I poured babbitt bearings and machined them for 25 years. What little I know about babbitt bearings I would be glad to share. I actually do not know why no one seems to use babbitt for model engineering. Larry


----------



## mgbrv8 (Jul 12, 2011)

Larry
 When you have a ovaled or worn out bore. What is the best way to pour babbitt in that void. I understand I need to blacken the part that I dont want babbit to stick to with a carburizing flame but what do I need to do to prep the other surfice to help the babbit stick to it. Also what is to small of a void to pour into??

Dave


----------



## GWRdriver (Jul 12, 2011)

Seems to me the best way to do it would be to prep the entire bore and pour in a sleeve of babbit and then rebore to the req'd diam.


----------



## machineman8625 (Jul 12, 2011)

To repair the oval shaped bore, I guess bore it round 1/16 to 1/8 oversize. You can make the babbitt not stick by painting the area with a horsehair acid brush with stove polish that you can buy at any woodstove store. It is just carbon black powder in a alcohol, or some other quick drying liquid. You can actually paint it a second time. To make the babbitt adhere to steel ,brass , or copper, get some soldering fluid in a small 6 to 8 ounce container at any Ace hardware store. If they don't have it they can get it in a day or two special order. Heat the part with a propane torch until the soldering fluid bubbles when you apply it with a acid brush. Then just tin it(apply solder) with lead solder. Just get a whisper coat and then babbitt will stick to that when you pour it. Larry


----------



## JorgensenSteam (Jul 12, 2011)

Larry-

There seems to be several schools of thought about babbit bearings.
My Dad used them for 50 years at his lumber facility for all of the fans in the kilns, and according to him, they were the only bearings that would run for very long periods of time for many years.
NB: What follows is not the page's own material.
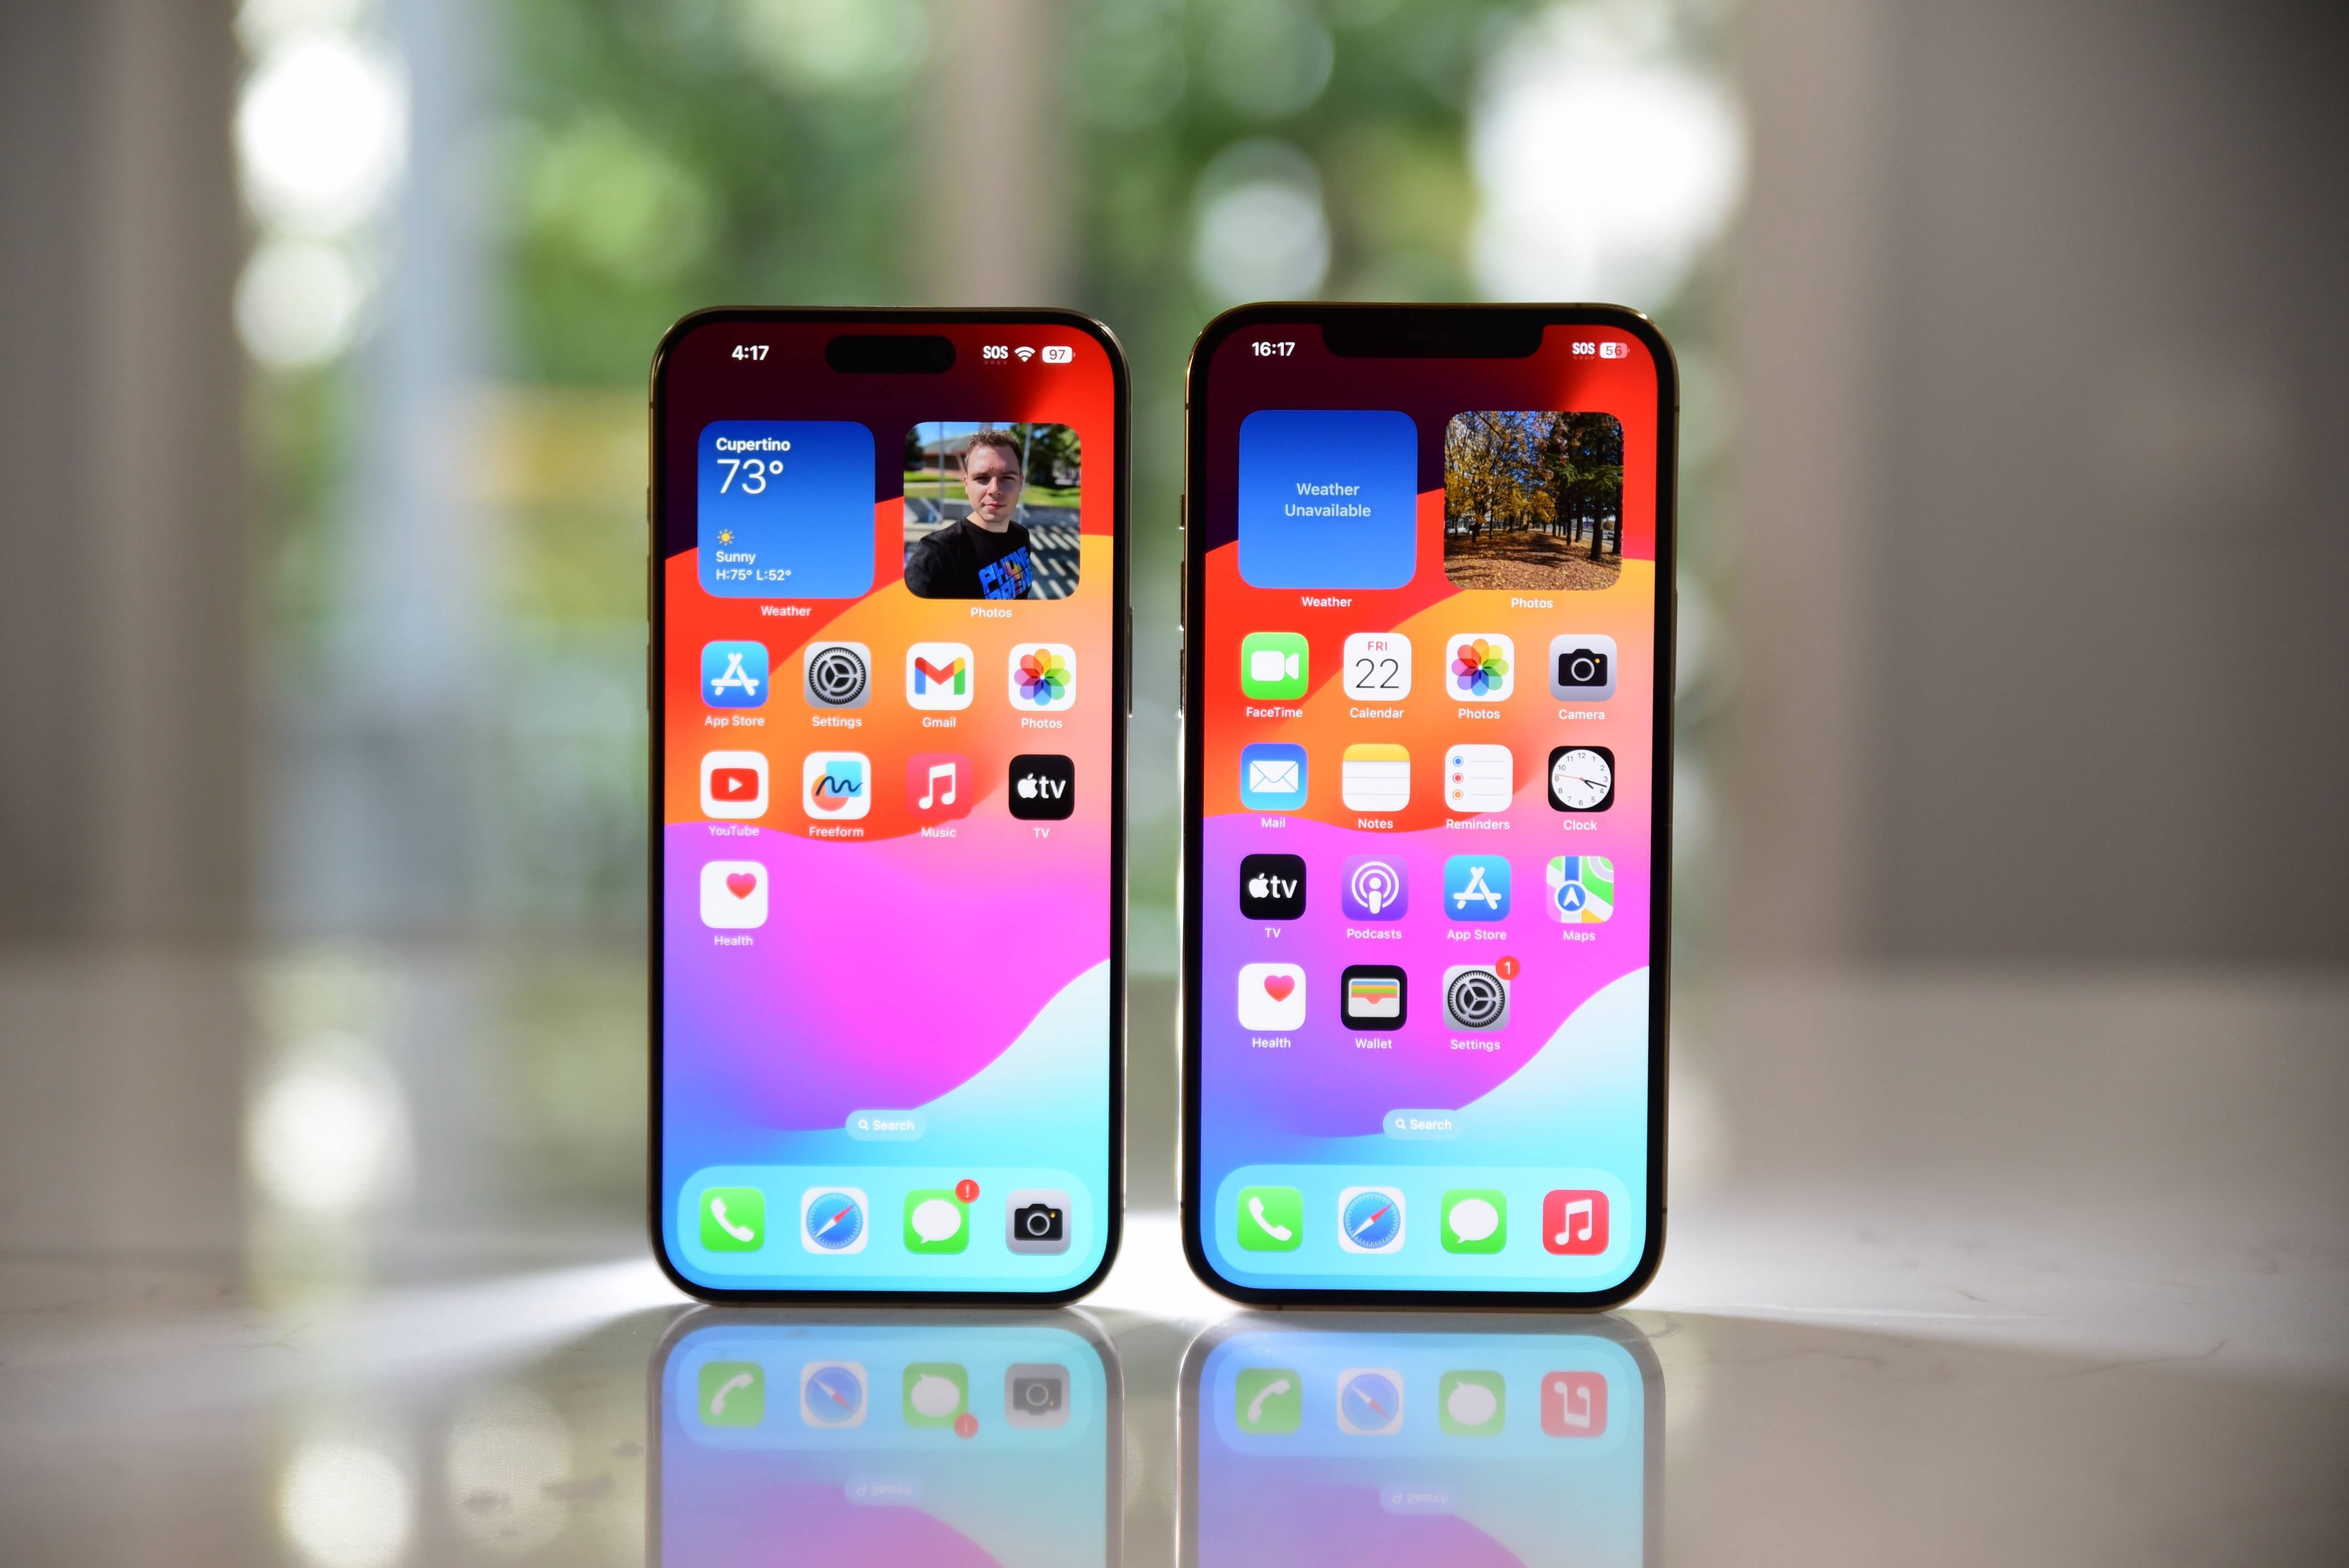 Apple iPhone 12 Pro Max review: Shootout with iPhone 12 Pro

He did mention that they have to be kept oiled.

Another school of thought comes from one of the old steam engine design books from the late 1800's, where one designer noted that while the babbit bearing itself never wears out, the journal or shaft will wear out, and replacing a journal or crankshaft was a much more difficult problem than replacing a bearing. 

Charles Porter of the Porter-Allen steam engine fame (Porter designed the first "high-speed" steam engine in 1876 which revolutionized steam engine design for the next 50 years) preferred to run gray cast iron on gray cast iron, and found that to give the very best wear characteristics of all, and far better than brass.


----------



## hpchoudhury (Aug 12, 2013)

Larry-Can you please share total flow chart of Babbiting Process including inspection process


----------



## Jasonb (Aug 12, 2013)

Dave's build thread of his Pacific Vapour Engine shows babbitt used on a model.

http://www.homemodelenginemachinist...-marvin-castings-17832/index5.html#post187387

J


----------